4 Therapeutic Writing Techniques You Can Try Today

healing writing

Writing has several therapeutic benefits that many people are not aware of. For example, when you write you have the opportunity to unburden yourself, unblock your emotions, and get to know yourself better. Some people write to help disrupt negative thinking patterns. Writing can also help you to organize your thoughts, define objectives, and find solutions to problems you currently have. 

Many therapists use writing or journaling as a treatment technique in their therapy sessions. If you are curious about how writing can help papers writers to remain mentally and emotionally balanced, check out the fascinating information below.

1. Write to get the emotional “gunk” out of you quickly

When people feel overwhelmed with emotions, they may feel the urge to scream. However, screaming is likely to draw attention to you and may not be appropriate if you are in a public setting. Writing is an effective way to express negative feelings privately. Consider the following technique that has helped many people to let go of negative thought patterns.

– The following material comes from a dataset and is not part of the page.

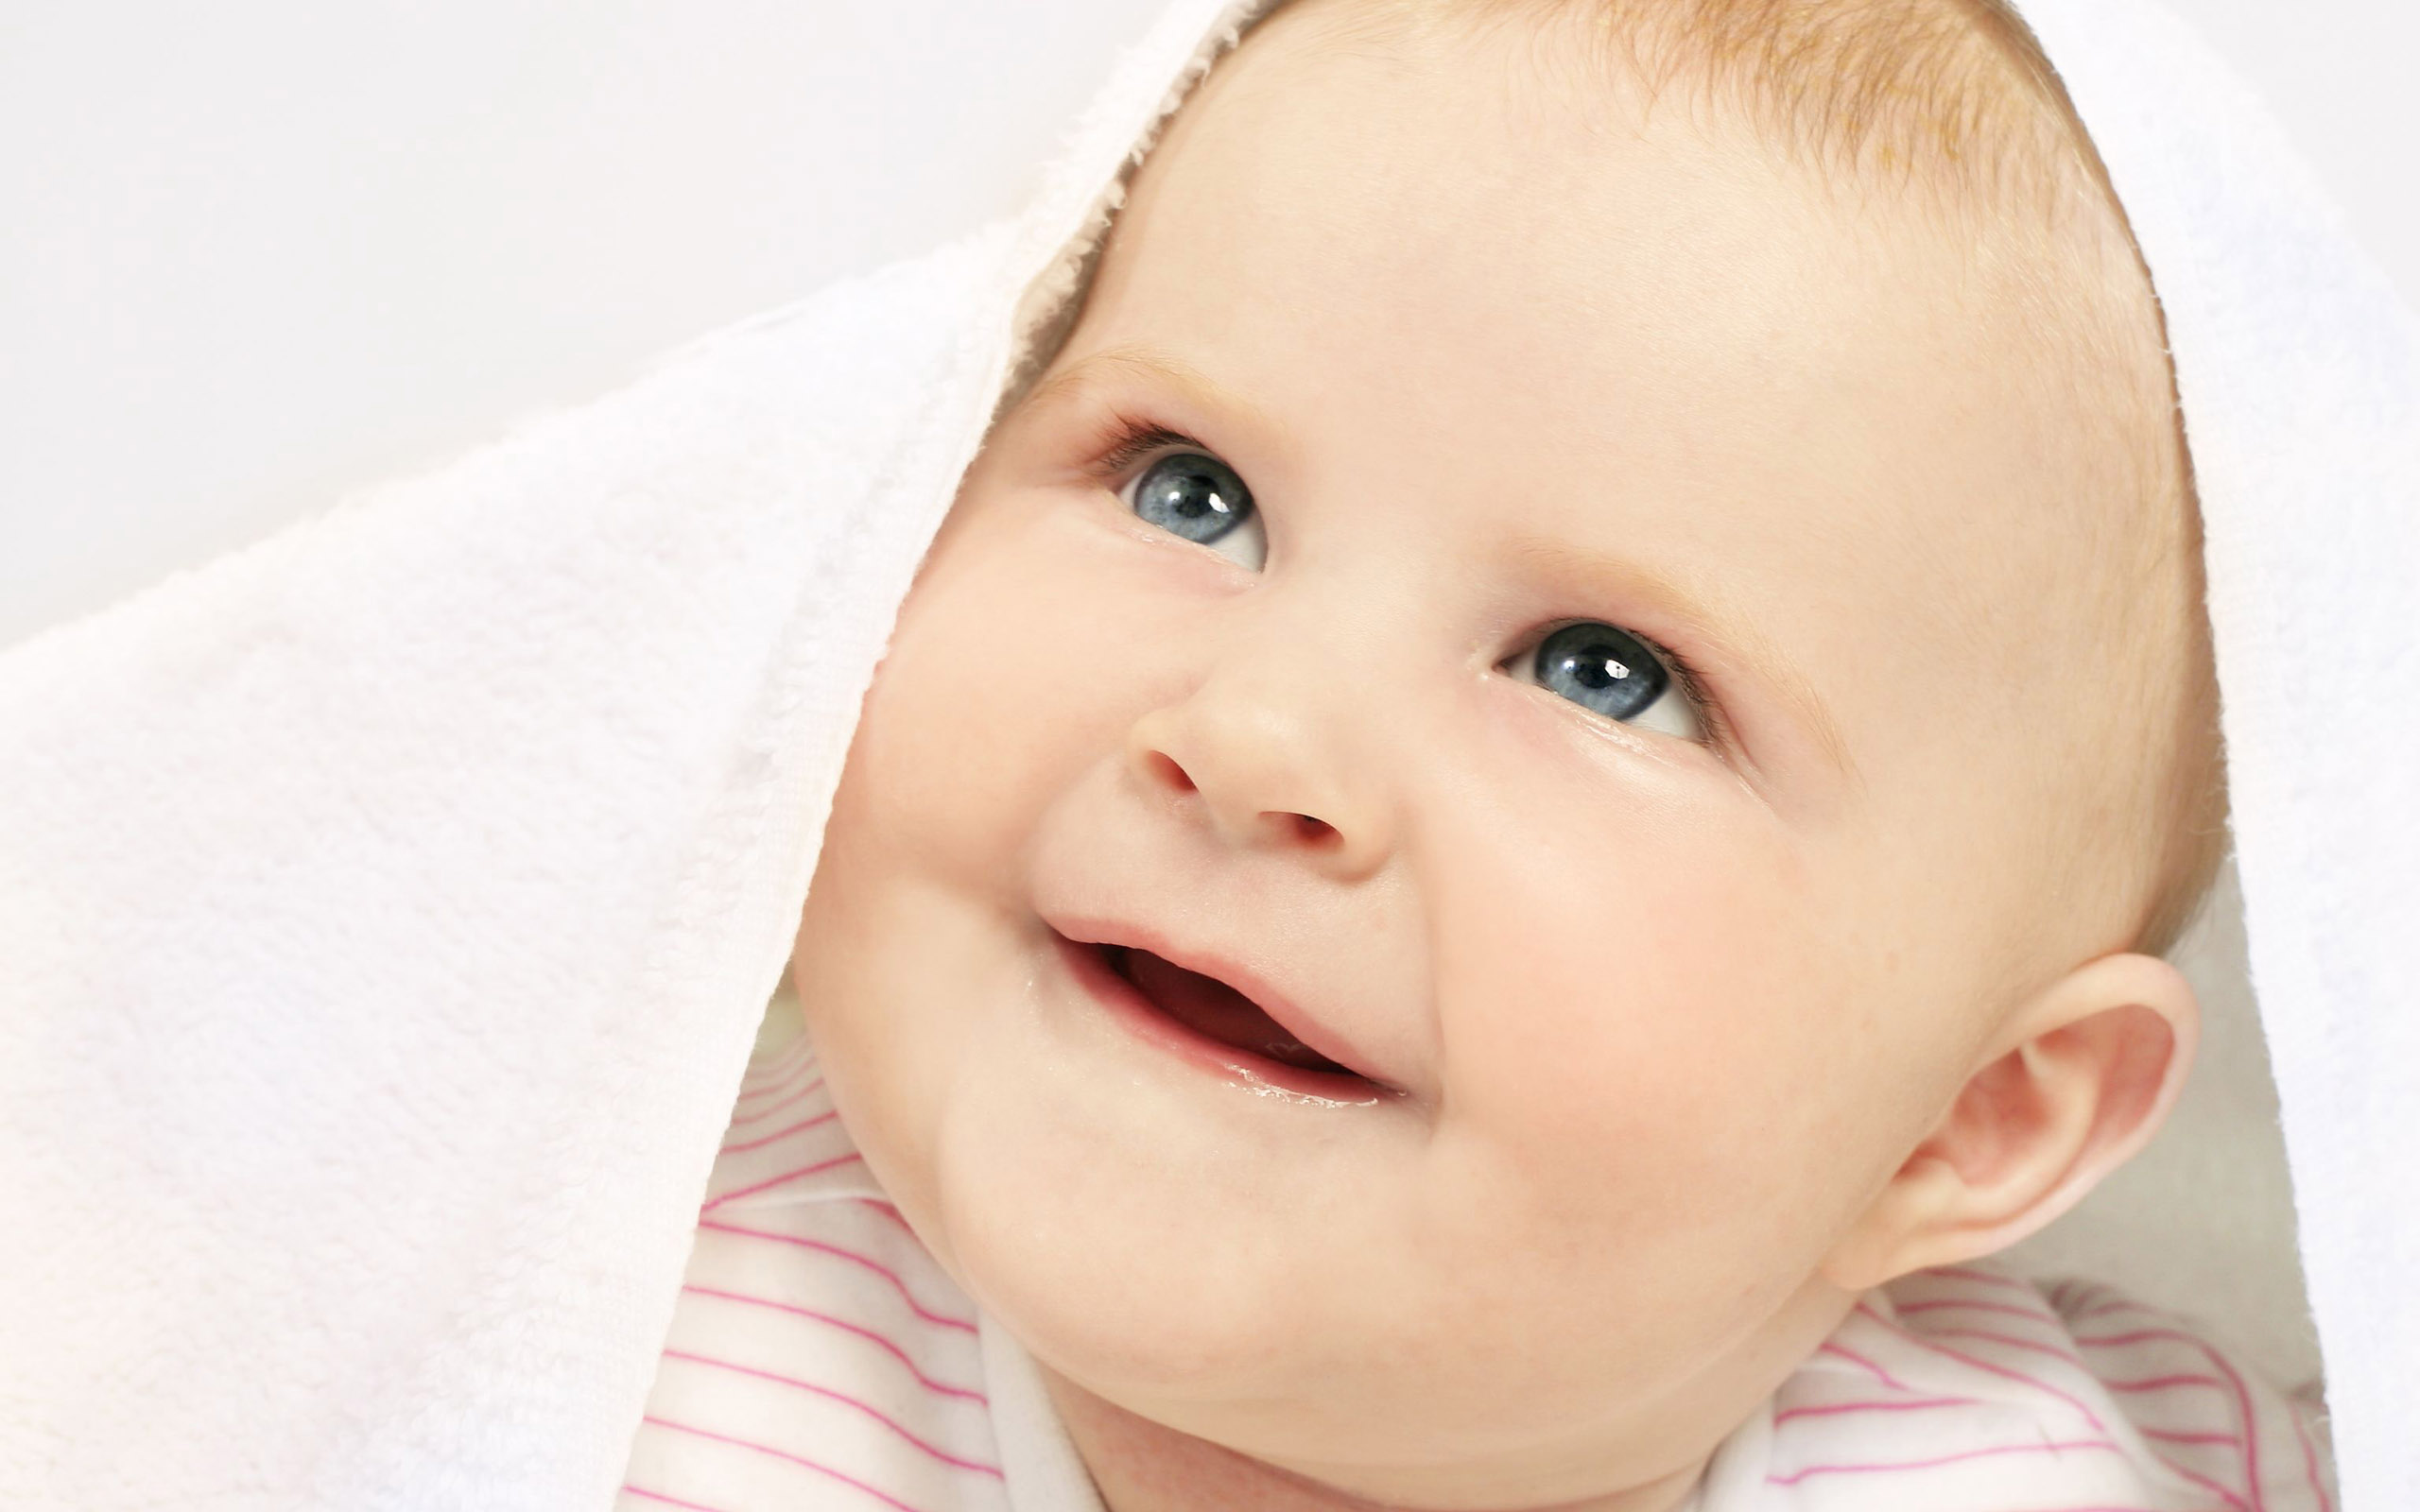 Baby Funny 1080p

  1. On a blank sheet of paper, write by hand the first thing that comes into your head, without erasing, without crossing out, without the restraint of judgment or shame. It is about emptying yourself of negative emotions. 
  2. Now, on another sheet of paper, write how you would like to feel, how you would like the situation to be at that very moment.
  3. Compare both sheets, then shred or crumple the first. There is no need to tear the second sheet of paper

2. Write a letter

Writing a letter allows you to clarify your emotions and solve conflicts. Please note that the exercises below are only for you. The letters are not to be delivered to the person or people you write about. You can keep the letter or tear it up afterward.

So what kind of letters can you write?

The letter of relief

  1. On a sheet of paper, write by hand why you are angry or what bothers you about a particular situation or person. 
  2. Clearly explain how you feel
  3. Write down what fears you can identify that may be contributing to your anger or sadness. 
  4. Acknowledge all the things you would like to thank the person for. Why do you like or appreciate about him or her? What has he or she done to make you happy in the past? 

The letter to make amends

  1. Tell him/her how you felt, without reproach. Tell him/her how you would have liked to have been treated. Words have power: some words hurt; others heal. Be careful.
  2. Put the letter in an envelope and put your name and the initials of your last name on the sender’s side, and on the recipient’s, side put the name of the addressee, and drop it in a mailbox. This exercise is a symbolic act, so this letter has no stamp or address.

The letter to the child you were

  1. Remember the child you were. What did he/she like? What made him/her happy? What made him/her angry or sad? What was he/she afraid of? What was he/she capable of? What did he/she play? What was his/her dream?
  2. Show him/her your affection, your gratitude, your forgiveness, your pride, your understanding, your support. You were small and did not understand everything that happened to you. Now with adult eyes, you can explain to him/her your childish questions and comfort him/her.

The letter to read at your funeral

This exercise is very powerful because it makes you reflect on what is important in your life, what you want, what you value, and what you would like to do before you die. It is meant to be a letter to be read at your funeral.

  1. Find some quiet time and think about all the people you want to leave a message or request for.
  2. Write a letter by hand in which you share a story they don’t know or that you are proud of. Tell them a funny anecdote so they remember you with a smile on their lips. Remember that they are sad because you are no longer with them.      

3. Write to reconstruct a memory

Relive a happy event from your life that you want to remember better. The memory can be from childhood or adolescence. To distance yourself from the memory, write it as a story in the third person and make the protagonist different from you (you can change the gender, age, or add some significant feature). After reliving the event from a distance you may better understand why people reacted the way they did in the past or you may see, hear or feel something you had not seen, heard, or felt before.

4. Make a gratitude list or journal

Writing a gratitude journal offers multiple benefits for your physical and mental health. A gratitude list helps you to feel better, more abundant, and to take a realistic view of your problems.

  1. Make a list of all those little things that make you smile, feel at ease, comfortable, happy. From the fact that you were born to the fact that the weather is nice and the sun is shining. You can be grateful for the people in your life, a coffee with friends, a meal with your family, health, love, some small achievement. Whatever you want.
  2. In a notebook and at night, you can write down three or more things you are grateful for that day.

Healing writing is a tool that can help you express and channel your emotions when you feel blocked or overwhelmed. By laying your ideas, emotions, feelings, desires, and problems out on a sheet of paper, you release them and allow your mind to rest and reset.